Thursday, January 24, 2008

Cuba Waiting Game after Legislative Elections

By Circles Robinson

Cubans turned out en masse Sunday to vote for members of their nation’s parliament despite steady rainfall over the western part of the country. Preliminary returns released Monday afternoon showed a remarkable 96 percent of the 8.4 million registered voters having cast their ballots.

By law, the new 614-member legislature must convene within 45 days, but officials already announced that the date to seat the parliament will take place on February 24, well ahead of the deadline.

The key task for the lawmakers will be to elect a new 31-member Council of State and the nation’s president from within their ranks.

Speculation abounds on the island and abroad as to whether Fidel Castro will seek another term as president, and how his decision might affect the winds of change blowing through the country. He retained his seat in the legislature, a requirement to belong to the Council of State or hold the presidency.

Ricardo Alarcon, the current leader of the Cuban parliament and reelected as a member on Sunday, noted Fidel’s steady recovery and said he expects him to be nominated for president on February 24.

Alarcon said he wouldn’t hesitate to vote for the man who has led the Cuban revolution from its onset, but acknowledged that it is Fidel’s decision whether to accept the nomination.

After 49 years, the revolution that sparks so much controversy in Washington and inspires so many Latin Americans appears at another crossroads.

From his polling place in Havana, First Vice President Raul Castro said the next legislature will have to make major decisions, albeit in a gradual manner.

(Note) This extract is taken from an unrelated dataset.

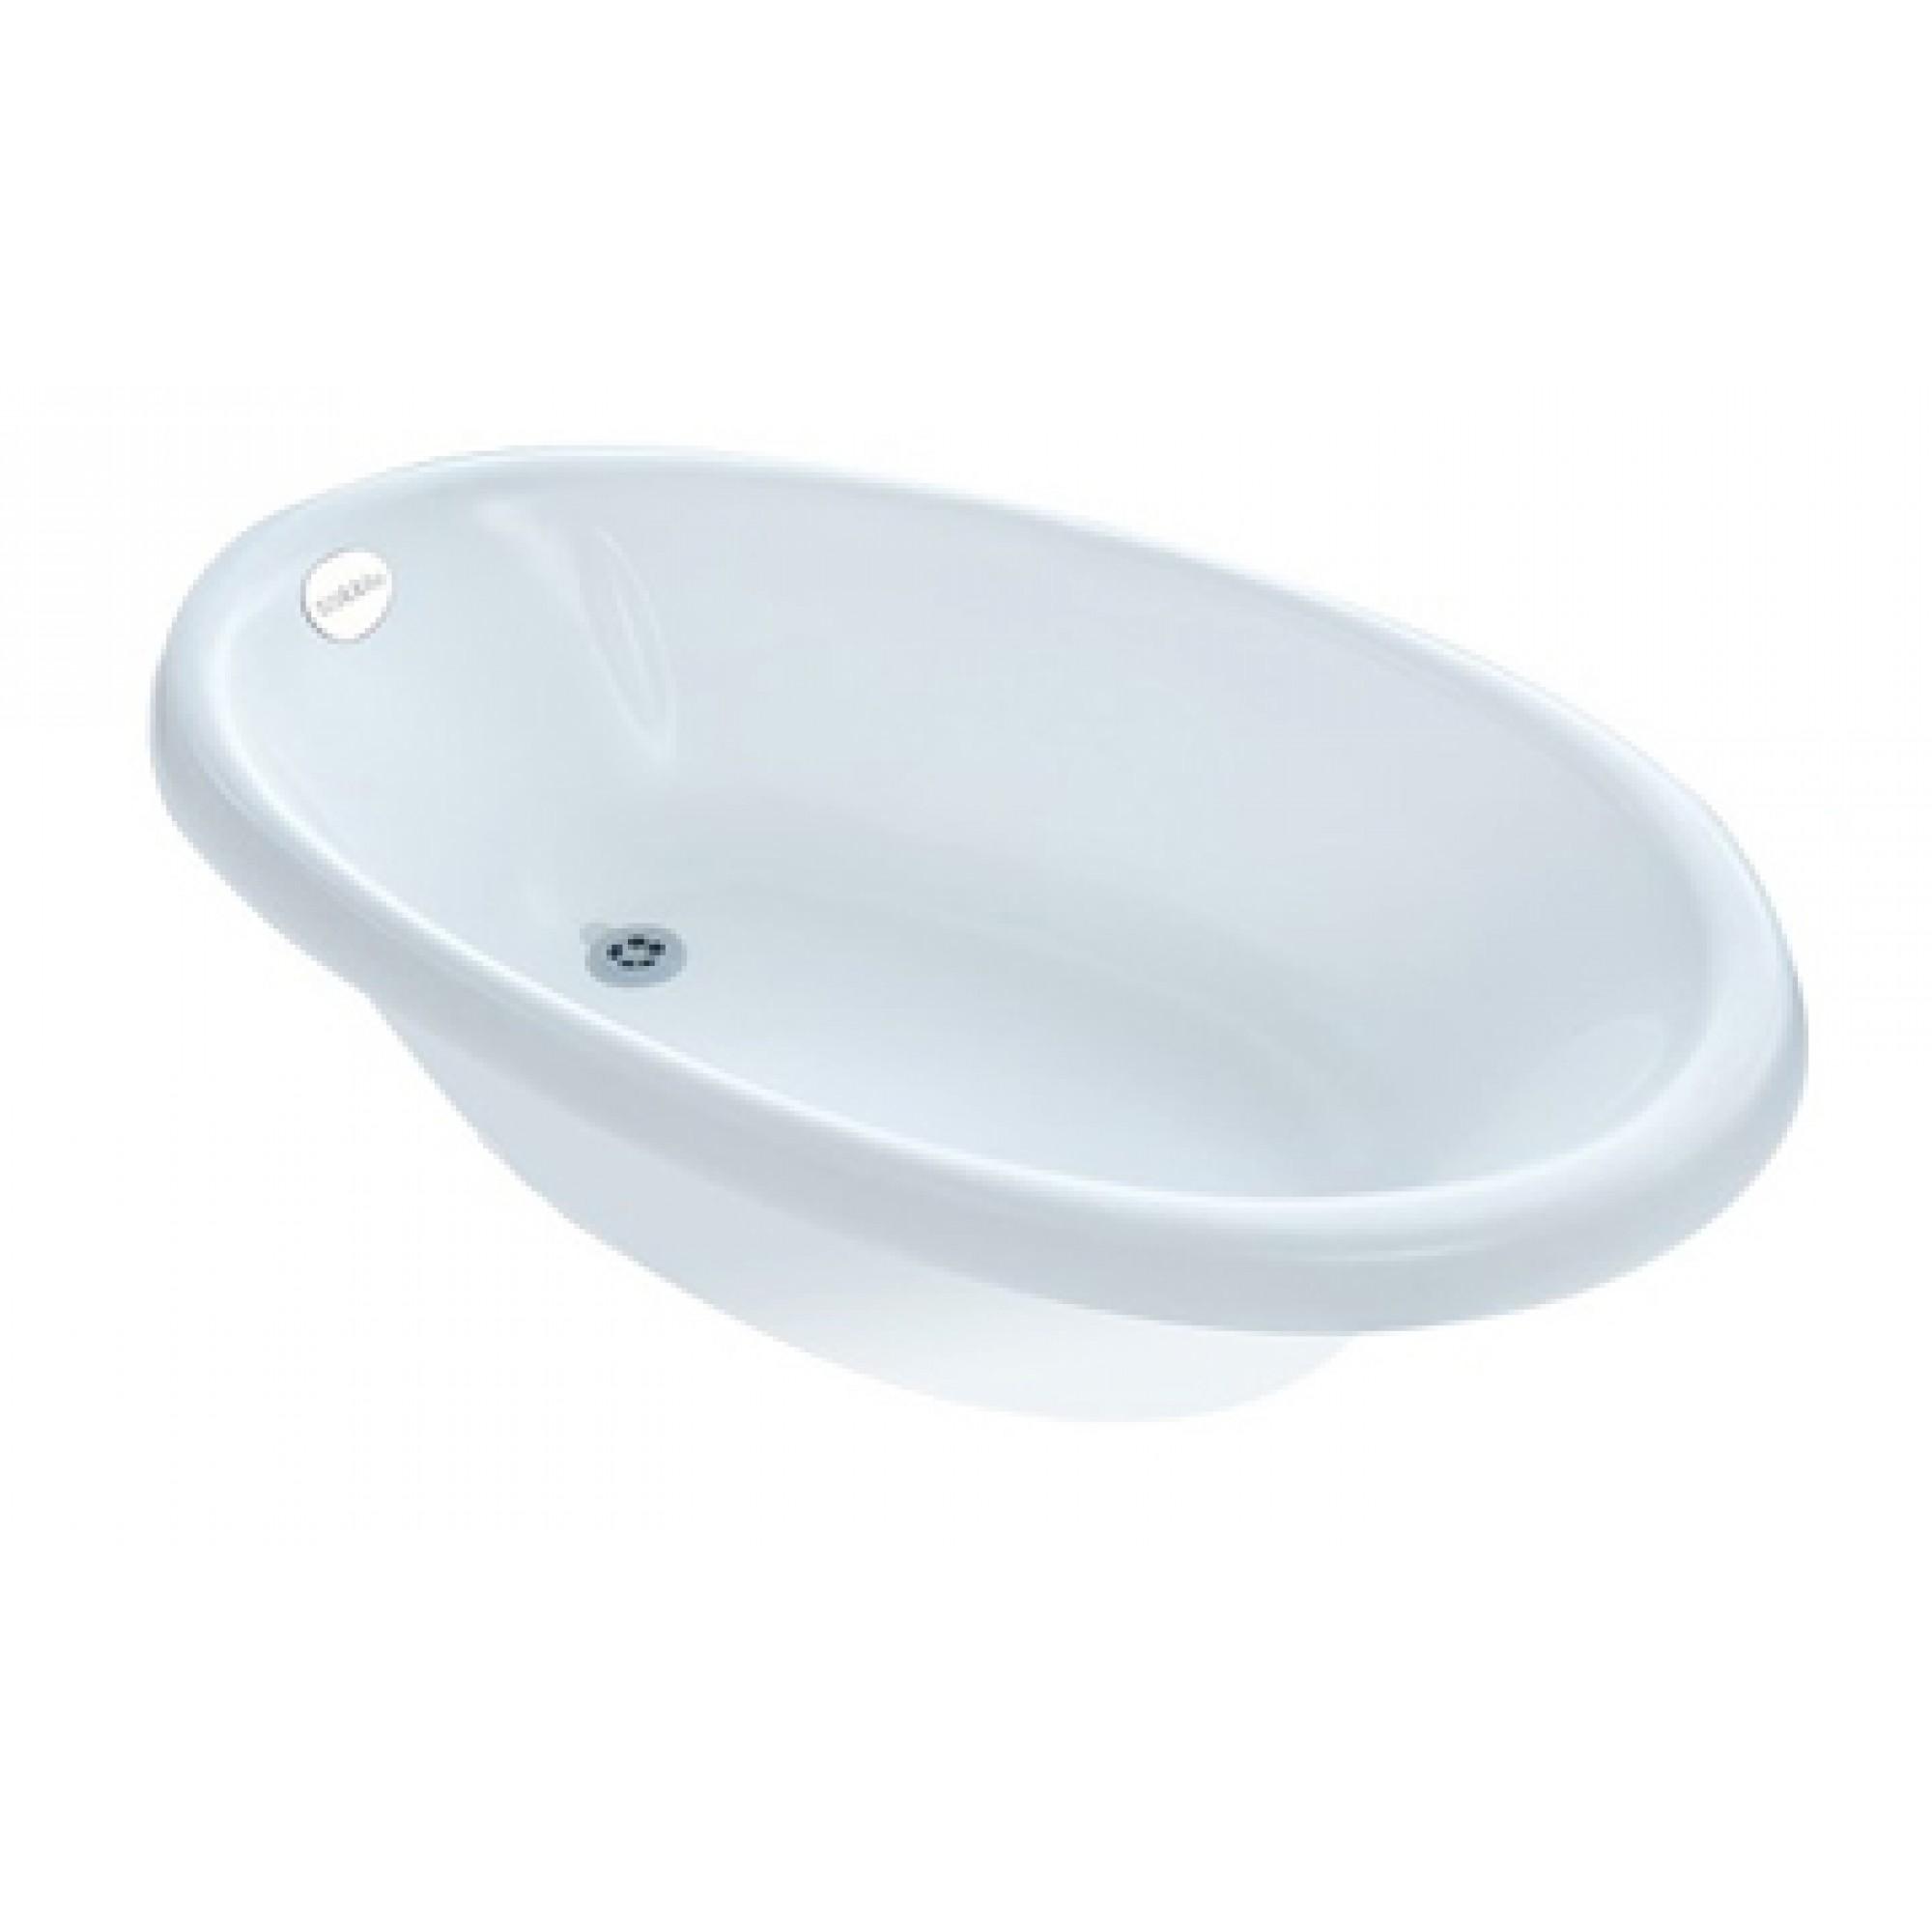 Cadita de baie venti, alb, sobble imagine

It wasn’t the first time the acting president had hinted at measures to come.

In a speech to the outgoing legislature on December 28, 2007, Raul said the country’s promising economic growth figures must translate into improved economies in Cuban homes. He called for greater efficiency in investments; more savings in the use of energy; accelerating land reform with the hope of decreasing food imports, and ending needless prohibitions that he said are causing more harm than good.

Raul Castro also said the “triumphalist” attitude of political leaders and government officials should be exchanged for more systematic information to the public stated with realism, clarity and a critical framework.

Meanwhile, the old guard Miami Cuban-American community, which continues to wield considerable influence in Washington, is not at all pleased with the changes on the horizon, designed to make the island’s socialist system work better, not destroy it.

For that crowd, the only solution to Cuba’s problems is to reverse the clock to the pre-revolution years, returning confiscated properties, and allowing the US to administer the island’s affairs.